A entrevista publica-se tal como se realizou, ultrapassando barreiras linguísticas, perguntas em português, respostas em castelhano.



REACTOR: Na sua obra “El Diseño Grafico, Una Voz Publica”, o design é definido como “operador cultural”, uma prática que contribui para instituir, legitimar e questionar os modos de “habitabilidade” contemporânea. Pode explicar melhor esta sua concepcção do design?

MARIA LEDESMA: El término operador cultural pertenece al diseñador italiano Ettore Sottsass, del mítico grupo Memphis. Yo lo he tomado para insistir en un diseñador comprometido con la realidad en la que actúa. No se trata, desde mi punto de vista, de un técnico que traduce las indicaciones de otro, sino de un profesional capaz de analizar críticamente la realidad, tomar partido y actuar en consecuencia.

R. : No pensamento de Maria Ledesma, o design é caracterizado como um processo social de “hacer saber”; “hacer ver” e “hacer hacer”. De acordo com esta interpretação, o designer pode ser visto como um “mediador político”? uma voz pública cuja função é dar voz (através do exercício ético da mediação) a quem a não tem?

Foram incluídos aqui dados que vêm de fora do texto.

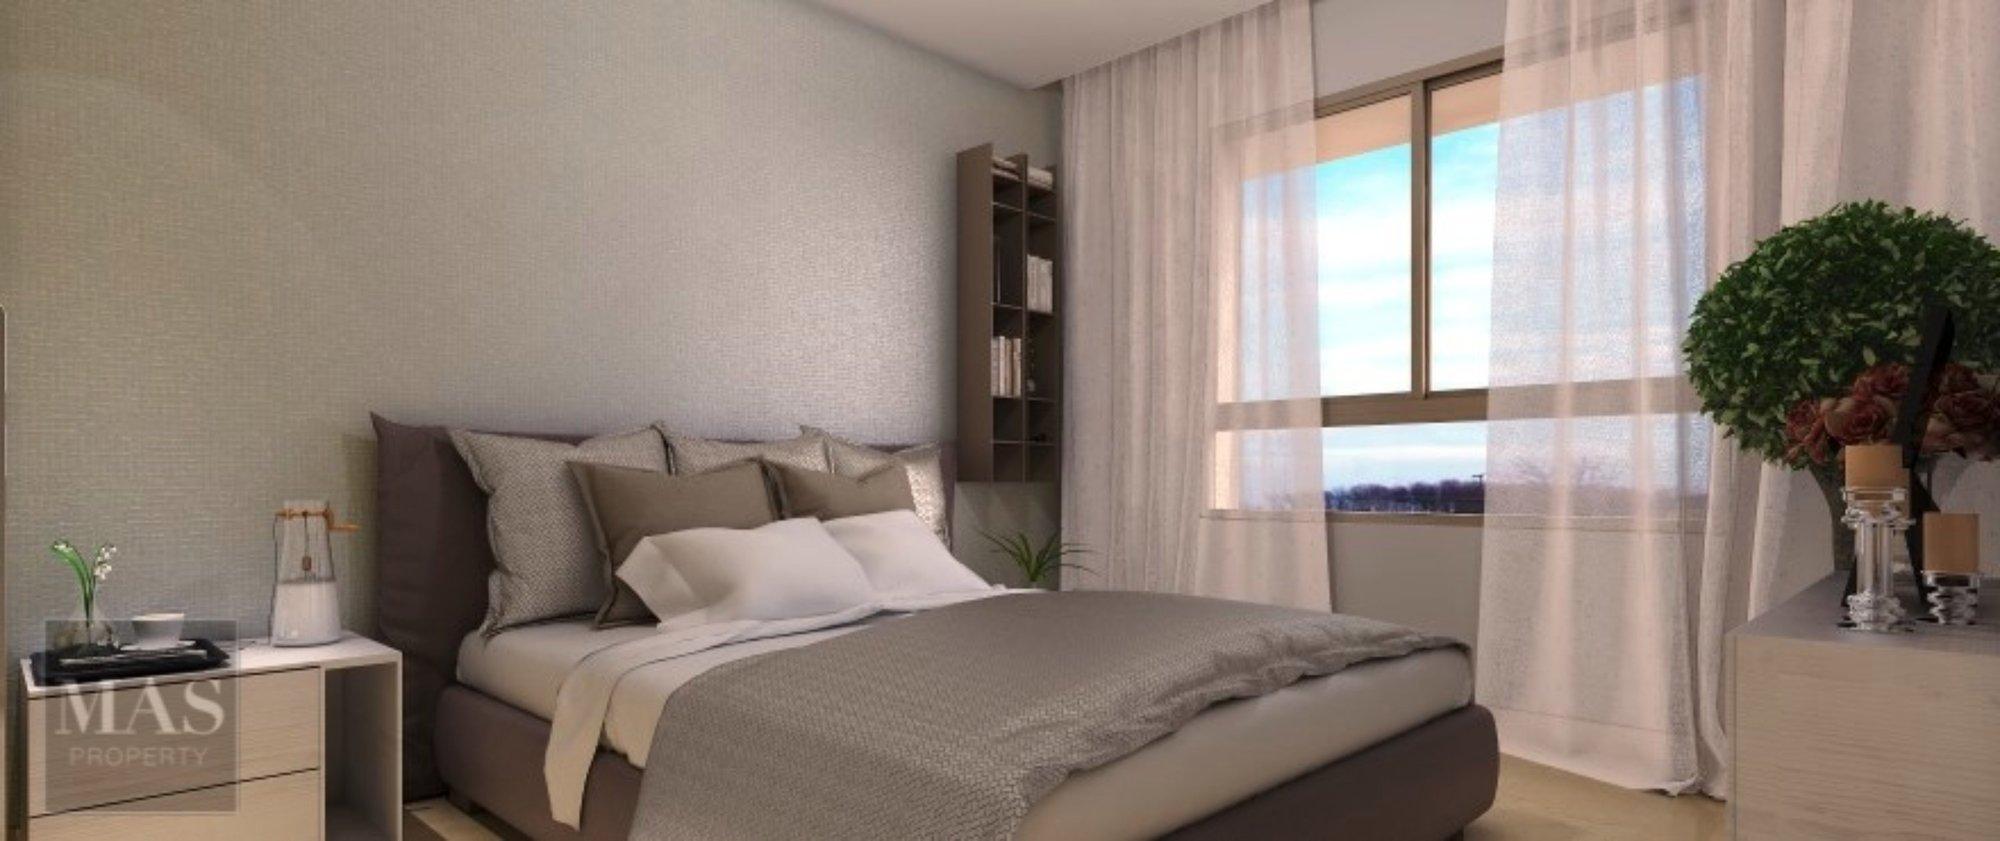 3 bedroom, 2 bathroom townhouse for sale in la cala golf, mijas

M. L. : Hacer ver, hacer saber y hacer hacer son procesos que realiza el diseñador, cualquiera sea su posición política. Hace-ver cuando organiza los textos y los vuelve legibles; hace-saber cuando informa o hace la información accesible y hace-hacer cuando sus textos intentan persuadir al receptor. Estos procesos se dan siempre. Pero, personalmente considero que el diseñador comprometido con su tiempo, puede hacer uso de ese ‘hacer-hacer’ para ponerse del lado de los desposeídos... lo pienso fundamentalmente desde la realidad latinomericana en la cual, el diseño puede constituirse en factor de desarrollo.

R. : A Maria Ledesma associou-se a algumas acções políticas, esteve envolvida, por exemplo, na convocatoria de cartazes “Malvenido Bush”. Que papel político tem o designer no mundo actual? Trata-se de um exercício de cidadania ou de um exercício de design?

M. L. : El ciudadano es el ciudadano y el diseñador el diseñador. Creo que el diseñador tiene que ser un analista simbólico de la realidad pero, el lugar político que elija, no depende de la profesión sino de su compromiso como ciudadano.

R. : Jorge Frascara1 fala em “quatro formas de design” (four different kinds of design): design que auxilia a vida (design to support life); design que facilita a vida (design to facilitate life); design que incrementa a vida (design to improve life) e design inconsequente (inconsequential design). A classificação parece-me interessante mas tenho dúvidas que se possa falar em “design inconsequente”. Parece-lhe possível falarmos em “design inconsequente”? poderá o design ser “neutro”?

M. L. : Creo que no hay diseño neutro, no hay modo de escapar a algún tipo de sentido. Creo que se podría entender la clasificación de Frascara como ‘diseño intrascendente’, diseño fugaz, sin peso en la vida social. Me vienen a la cabeza los versos de Hamlet: para enterrar a los muertos los que menos sirven son los sepultureros. A veces, hay diseñadores que tienen respuestas tan automatizadas, tan convencionalizadas que no tratan sus objetos con el respeto que merecen: esos son los diseñadores intrascendentes... no dejan huella.

R. : No início de Massive Change, Bruce Mau coloca a seguinte questão: Agora que é possível fazer tudo, o que é que devemos fazer? Como interpreta a questão do dever, da ética, ligada ao design?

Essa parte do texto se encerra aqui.